What the task asks - Locate "Qualcomm Snapdragon 690" in the data below, then output the line it is on and all following lines through the last, word for word. Skip any pictures.

Data -
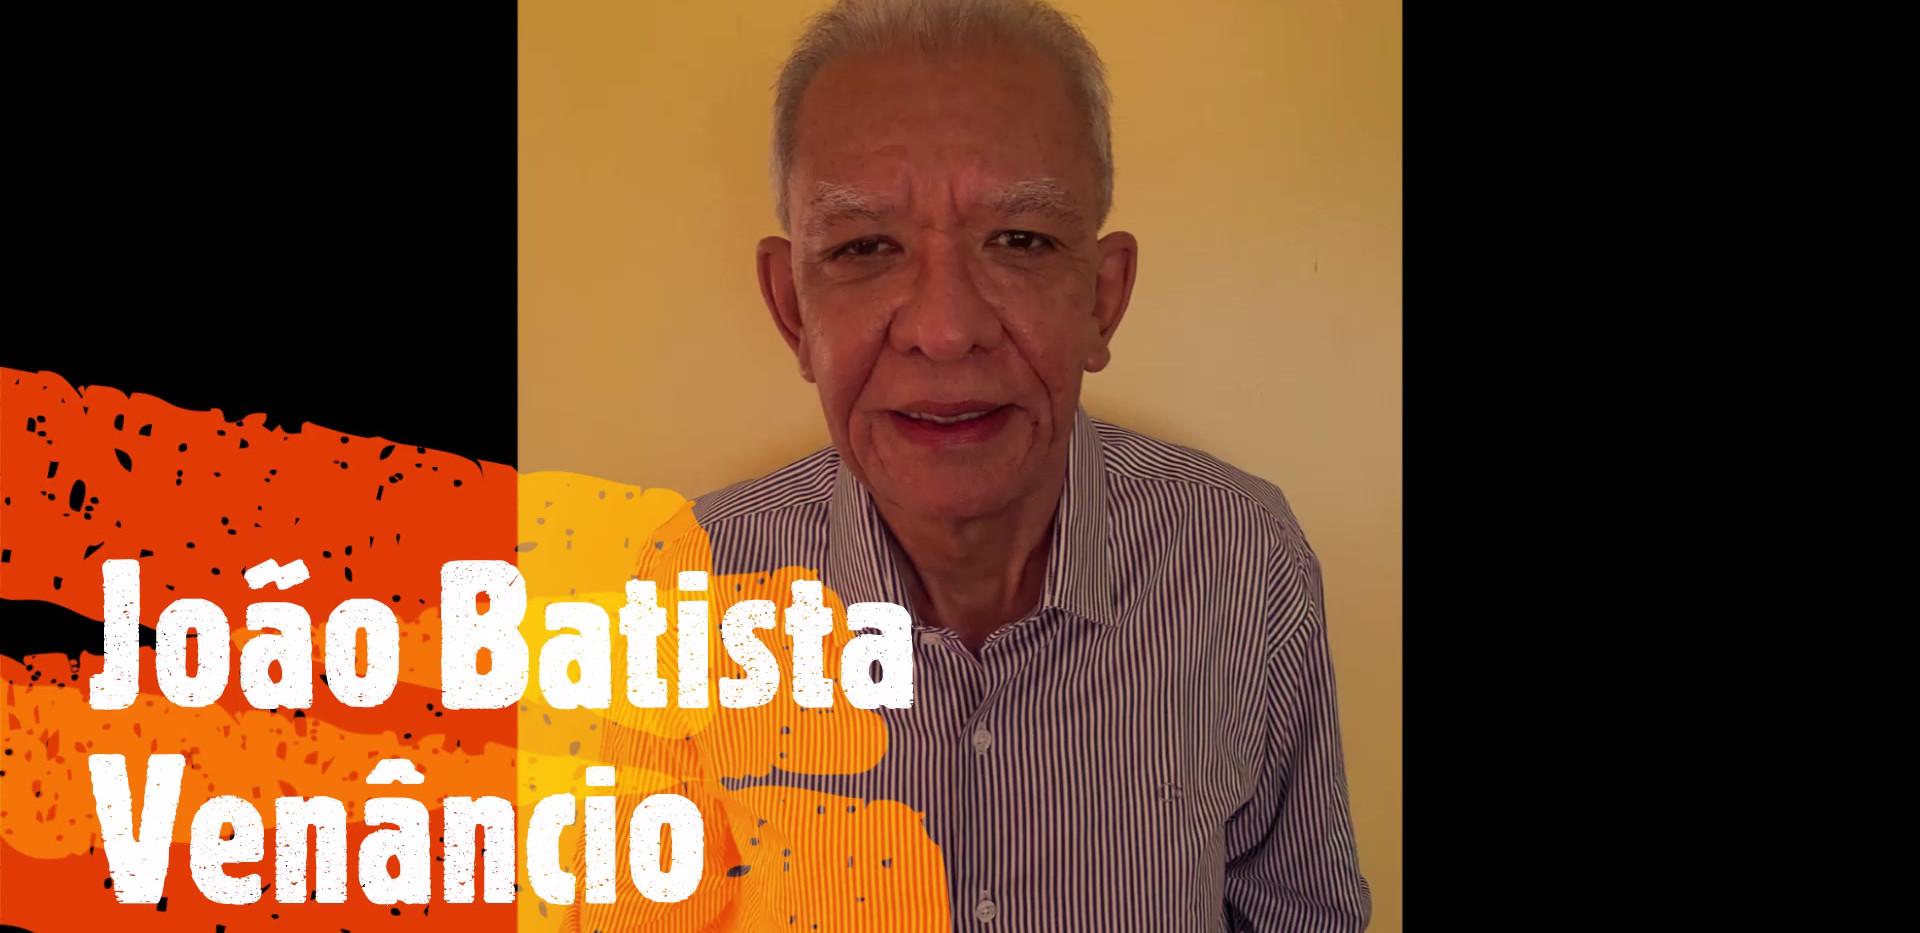 1 - João Batista Venâncio
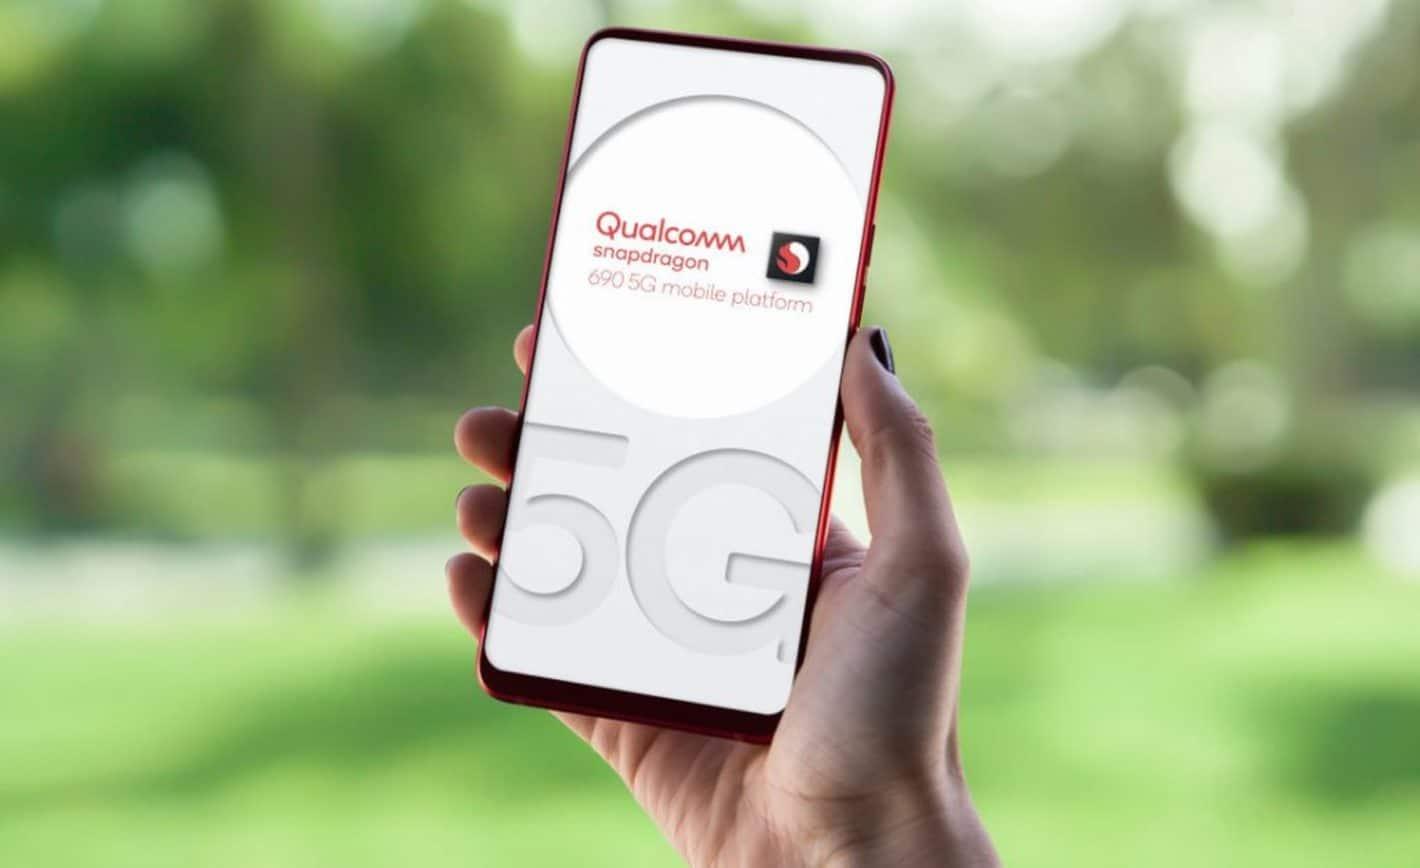 Qualcomm Snapdragon 690 chipset to bring 5G to mid-range smartphones
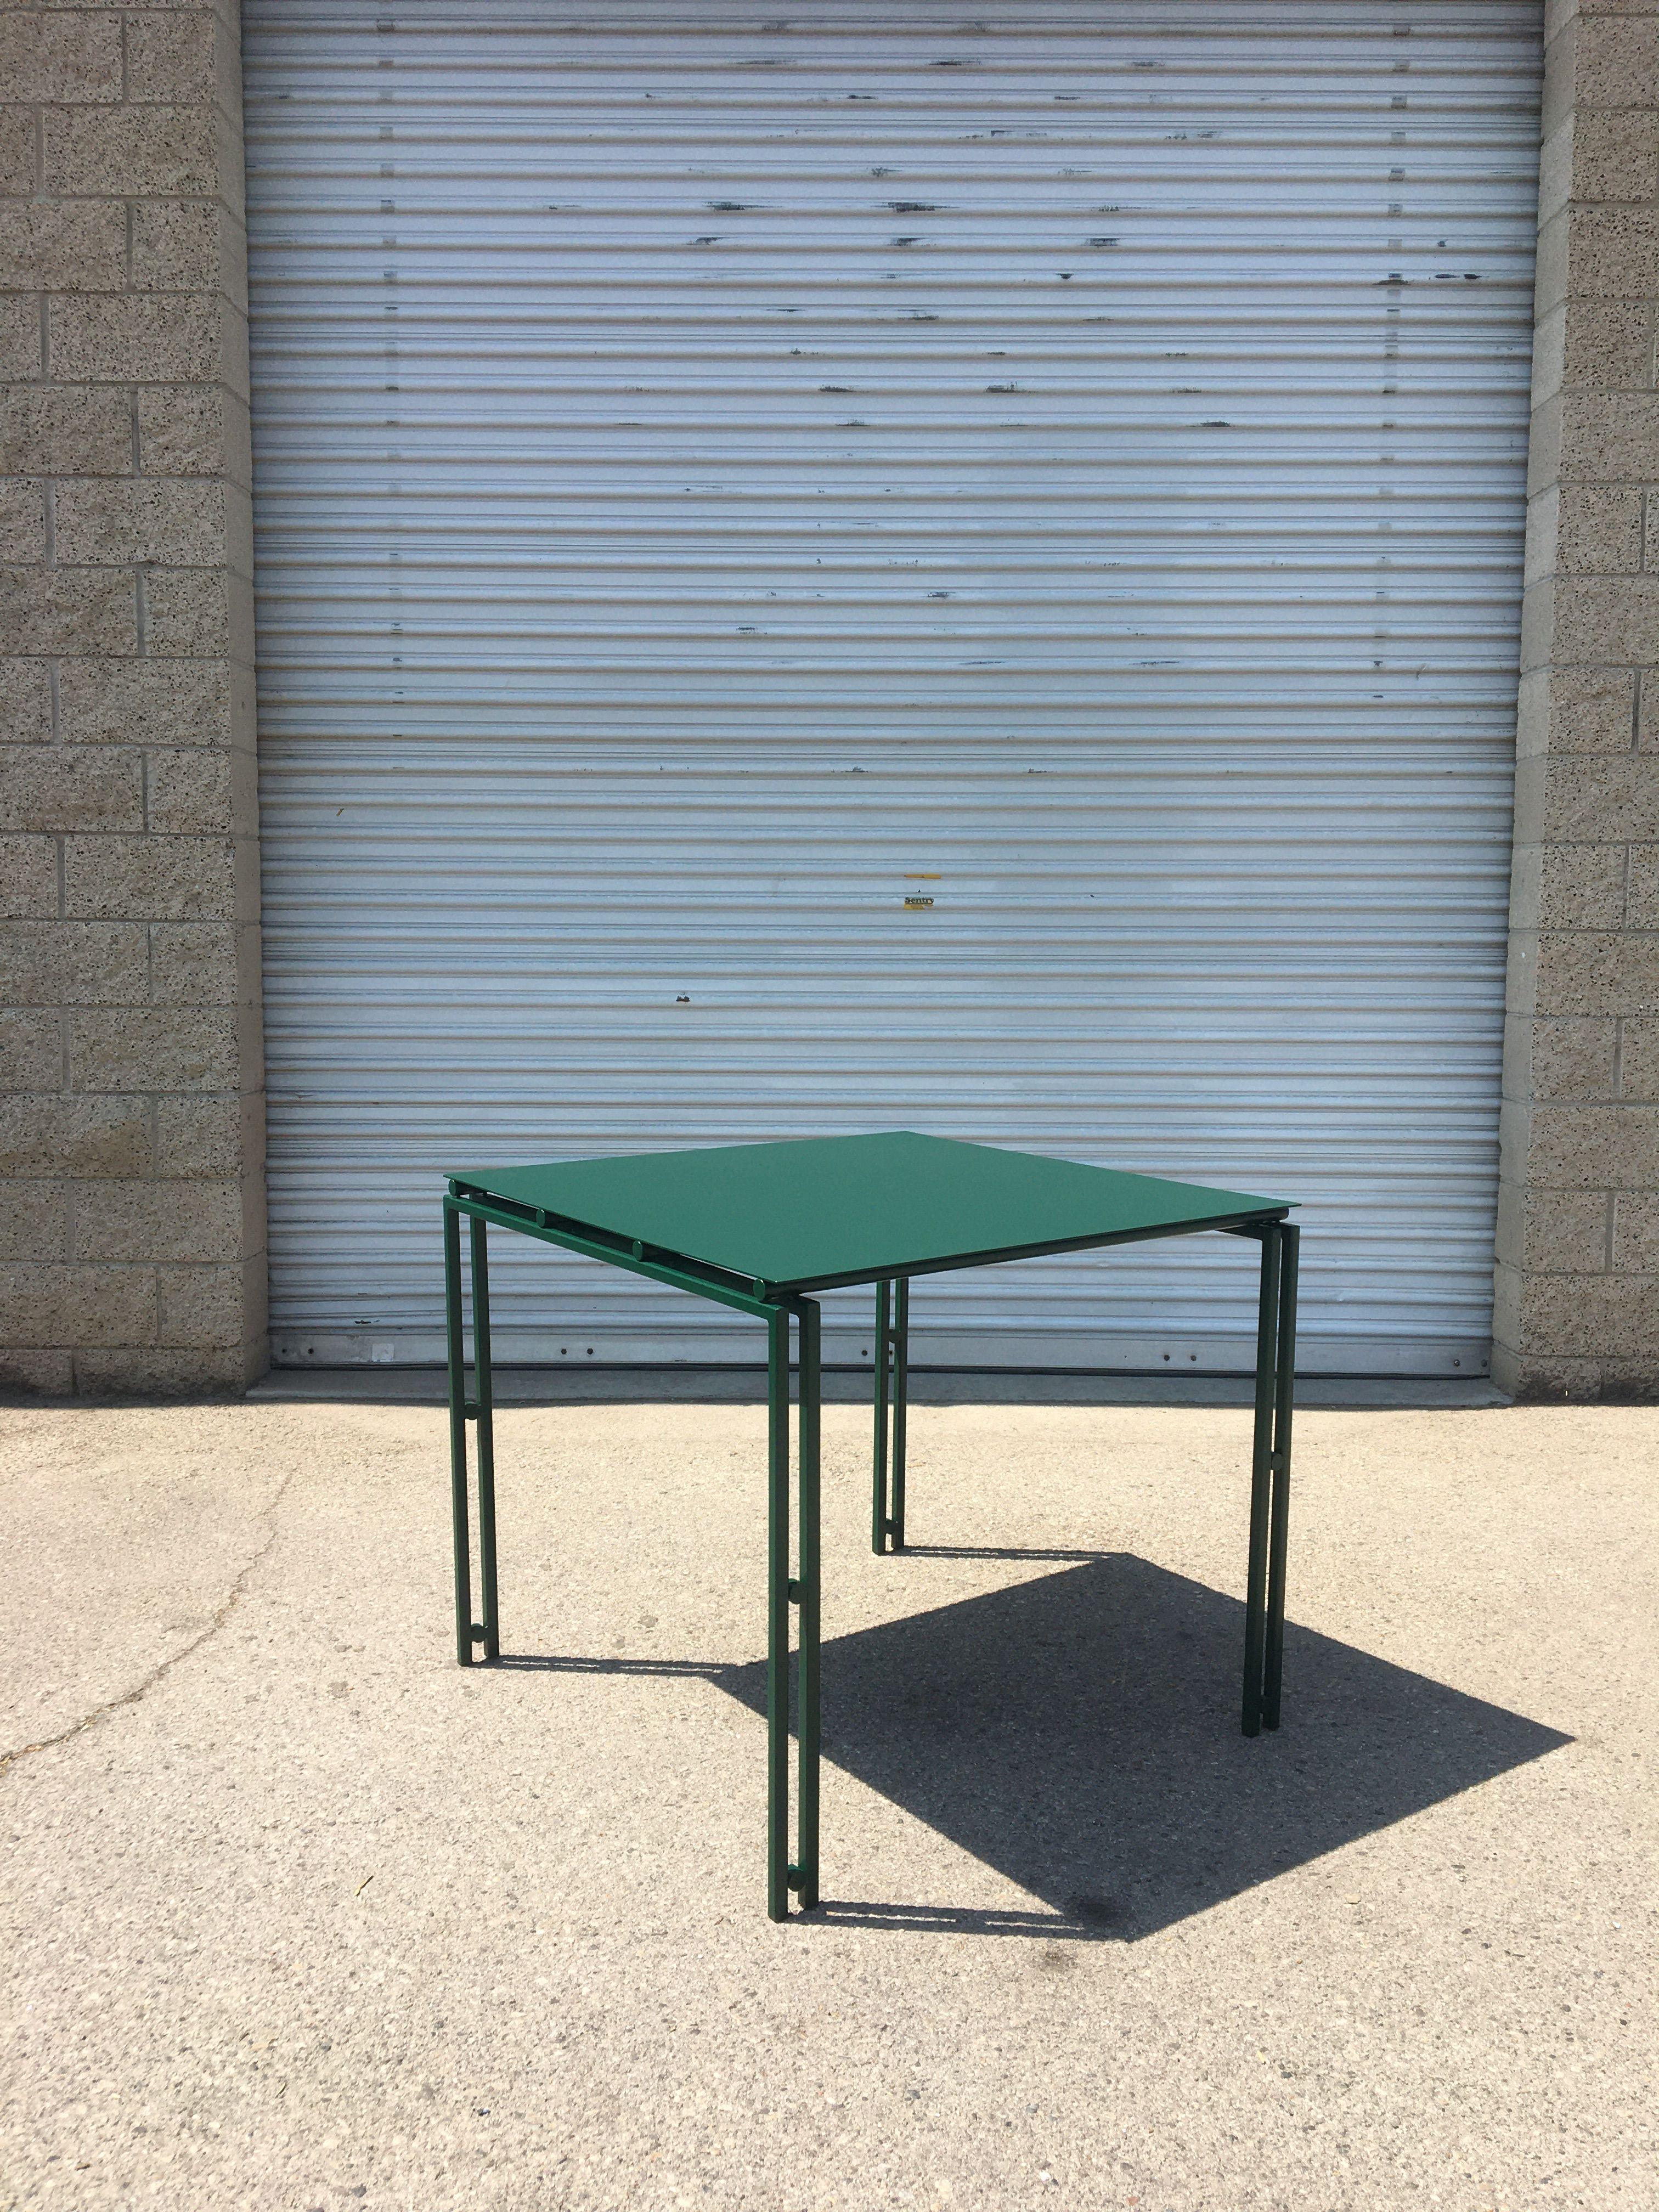 Suspension Metal Set - Breakfast Size product image 11

Reply -
 Qualcomm Snapdragon 690 chipset to bring 5G to mid-range smartphones
 Suspension Metal Set - Breakfast Size product image 11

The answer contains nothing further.